Michael Phelps wants to clear something up.
You might have heard about his quest to win eight gold medals at these Beijing Olympics. You might have heard how he wants to break Mark Spitz's record for the most medals in a single Games, that he won't be satisfied with anything else.
You've just never heard it from him.
"I haven't said anything about breaking any record, or going after any record," Phelps said. "You guys [in the media] are the ones saying that. I have my goals, and they haven't been published. [My coach] and I are the only two people that know about them, and we're going to try and work to achieve them."
The distinction between what he's said and what others have said for him is important to Phelps. If he's going to win eight gold medals, he can't look at the big picture. He can't think about what Spitz accomplished in Munich in 1972. He has to focus on each race - preliminaries, semifinals, finals - or the burden of what he's attempting will be too much.
That ability to focus - which his coach, Bob Bowman, believes compares favorably with Tiger Woods, Michael Jordan, Roger Federer and other great athletes who earned a reputation for high performance under pressure - goes a long way toward explaining why Phelps is the best swimmer in the world.
And it's the best explanation for why eight gold medals, which would likely go down as one of the greatest achievements in the history of sport, just might be possible over the next 10 days. It starts tonight with the 400 individual medley.
It won't be easy.
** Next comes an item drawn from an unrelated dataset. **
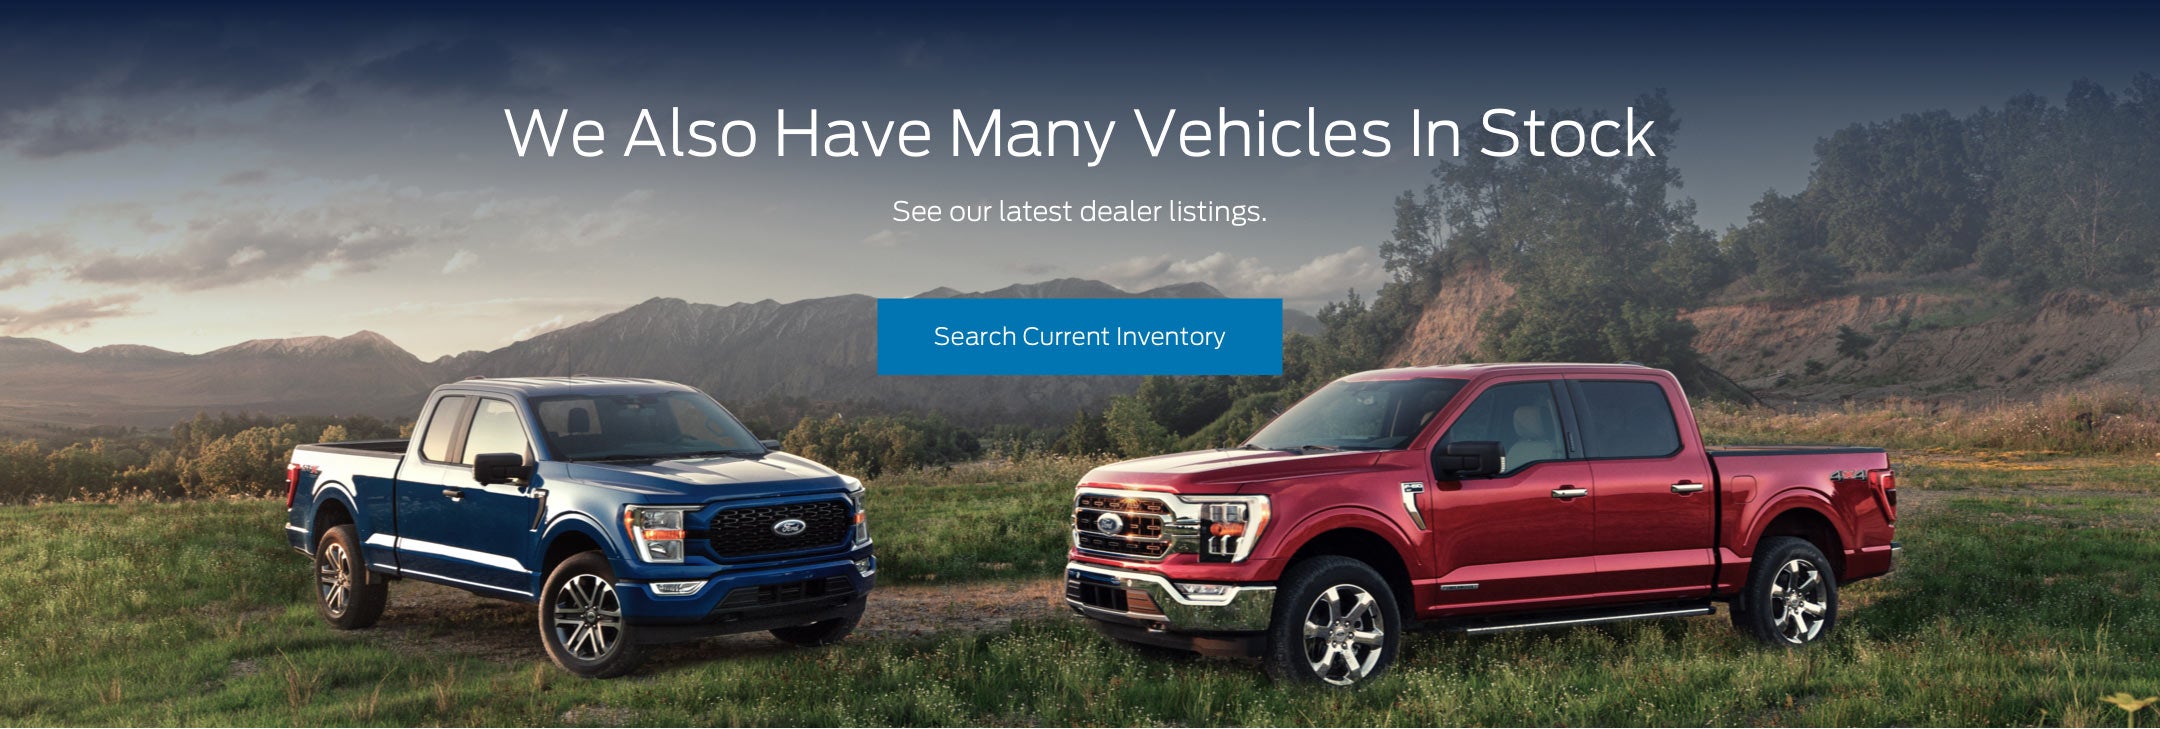 Ford vehicles in stock | Earnhardt Ford in Chandler AZ

His biggest challenges will come from teammates - Ryan Lochte in the 400 IM and world-record holder Ian Crocker in the 100 butterfly - and France's 4 x 100 free relay team.
"I think particularly at the Olympic level, at the top level, the pressure comes as much from expectation of what people think you can do as it does from your competitors," Bowman said. "Michael is able to basically ignore all of those things, which is super hard to do."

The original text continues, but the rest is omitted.